Managing Director Kano Road Traffic Agency
- Incumbent
- Assumed office 2019

Majority Leader Kano State House of Assembly
- In office 2018–2019
- Preceded by: Muhammad Bello Butu Butu
- Succeeded by: Labaran Abdul Madari

Personal details
- Born: 22 June 1973 (age 53) Kano Municipal
- Party: All Progressive Congress (APC)
- Relations: Married
- Education: Kano State Polytechnic Bayero University Kano
- Profession: Politician
- Website: https://kanoassembly.gov.ng/baffa-babba/

= Baffa Babba Danagundi =

Nigerian politician

Baffa Babba Danagundi, popularly known as Baffanyo, a Nigerian politician, former Majority Leader in the Kano State House of Assembly

== Early life and education ==
Baffa was born in Kofar Danagundi quarters of Kano Municipal in the year 1973 he is from the family of late Babba Danagundi one of the Kingmakers of Kano Emirate Council with the traditional title Sarkin Dawaki Mai Tuta and great grandson to Jamo of the Sullubawa Fulani Clan

Baffa attended Gidan Makama Special Primary School between 1981 and 1986, he also attended Government Technical College, Wudil between 1986 and 1989, and Unity College, Karaye between 1989 and 1992. Baffa obtained his National Diploma and Higher National Diploma from Kano State Polytechnic. He Obtained MBA from Bayero University Kano

==Career==
Baffa started his career as an Assistant Clerical Officer up to Principal Registrar in Kano State High Court of Justice where he voluntary resigned and joined politics

== Politics ==
Baffa Was the Acting Chairman of Kano Municipal who was appointed by former Governor of Kano State Malam Ibrahim Shekarau in 2007, Baffa was also Senior Special Assistant to former Governor of Kano State Rabiu Kwankwaso between 2012 and 2014.

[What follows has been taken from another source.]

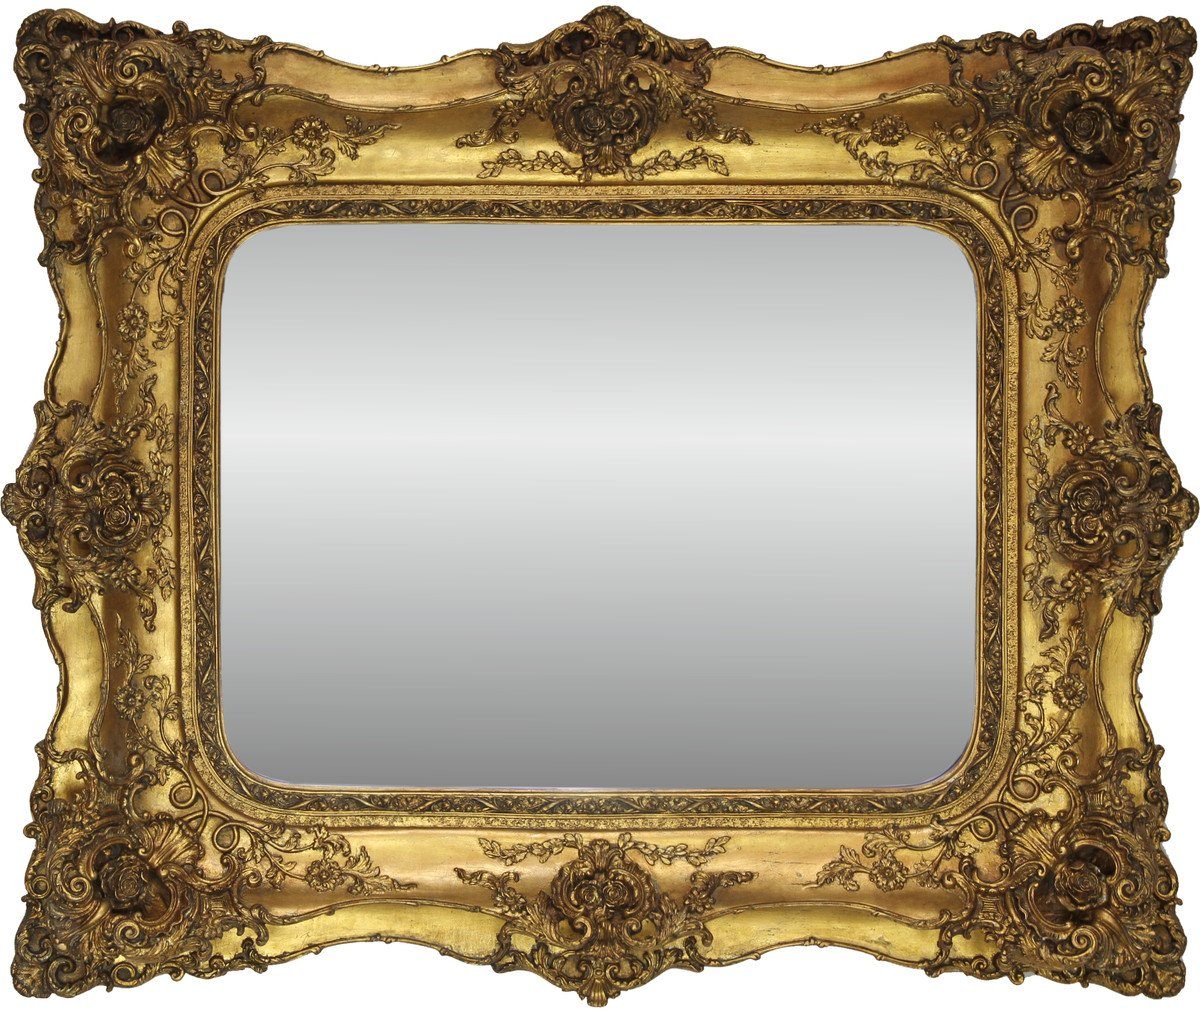 Casa Padrino Barockspiegel Barock Spiegel Gold Antik Stil mit Doppelrahmen - 120 x 105 cm - Edel & Prunkvoller Wandspiegel

Baffa was elected Member of Kano State House of Assembly on the platform of All Progressives Congress (APC) in 2015 Nigerian general election he defeated the incumbent Member Salisu Maje Ahmad Gwangwazo of Peoples Democratic Party (PDP). Baffa was elected the Majority leader in 2018 after the impeachment of the former speaker of the House Yusuf Abdullahi Ata and the Majority Leader Muhammad Bello Butu Butu
Baffa Chaired so many committee in the house of assembly which include the investigation committee on the controversial Video Clip showing a Kano State Governor, Abdullahi Umar Ganduje receiving $5 million bribe in October 2018 which was published by Jaafar Jaafar on his online publication company Daily Nigerian. Baffa was also the Vice chairman of Committee set to investigating former Emir of Kano Sanusi Lamido Sanusi on eight-count charges of allegation/defamation of character, breach of oath of office/oath of allegiance, abuse of office privileges and protocol and political and religious interference. He also contested in 2019 Nigerian General Election where he lost to the parson he defeated in 2015 Salisu Maje Ahmad Gwangwazo of Peoples Democratic Party (PDP).
Baffa was appointed the Managing Director of Kano Road Traffic Agency (KAROTA), by Kano State Governor Abdullahi Umar Ganduje after he lost in the 2019 Nigerian General Election In July 2024, President Bola Ahmed Tinubu appointed Baffa Babba Danagundi as the new Director-General of the National Productivity Centre (NPC). A month later Concerned Kano Citizens, a civil liberty organization, accused DanAgundi of leading a group of people who violently disrupted an otherwise peaceful protest.